* _PROBLEM DETAILS_
Only one stretch of the material below is wanted: everything from the line containing "Starfruit (P330-4) - Colorxs Quad Palette" down to the line containing "Рюкзак текстильный с", both ends included. Repeat it exactly and skip the pictures.

* _PROVIDED RECORDS_
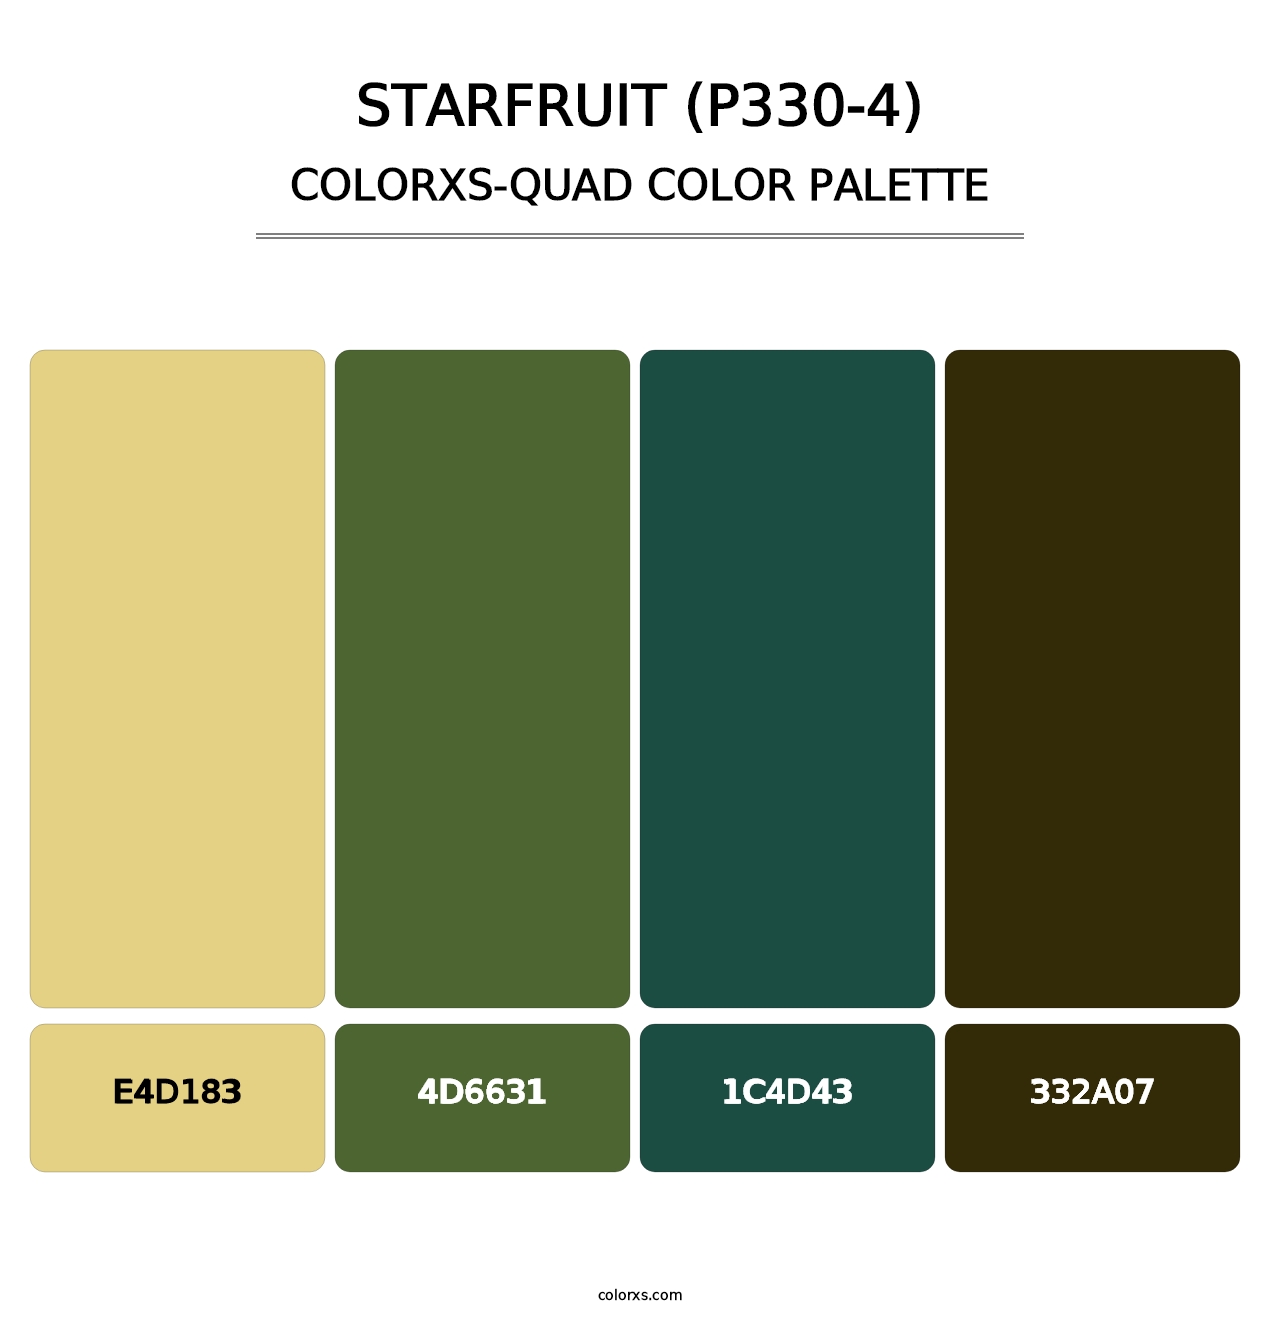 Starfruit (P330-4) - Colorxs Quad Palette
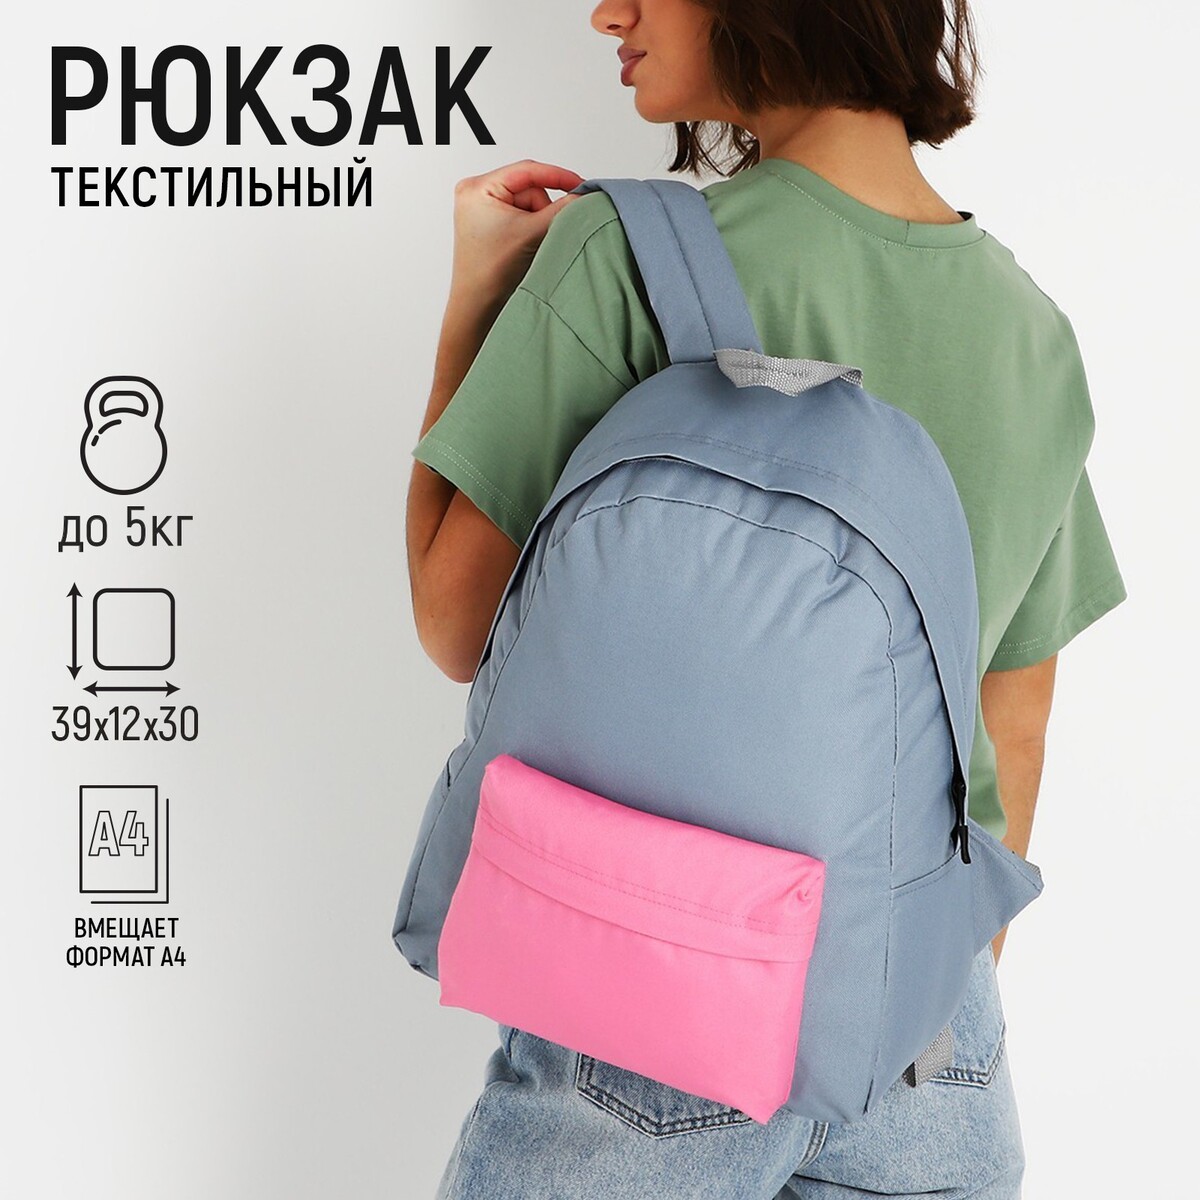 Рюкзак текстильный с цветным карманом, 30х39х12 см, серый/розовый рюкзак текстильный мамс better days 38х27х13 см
--
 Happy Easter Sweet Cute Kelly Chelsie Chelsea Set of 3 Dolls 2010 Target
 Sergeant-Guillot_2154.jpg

* _FINISHED EXERCISE_
 Starfruit (P330-4) - Colorxs Quad Palette
 Рюкзак текстильный с цветным карманом, 30х39х12 см, серый/розовый рюкзак текстильный мамс better days 38х27х13 см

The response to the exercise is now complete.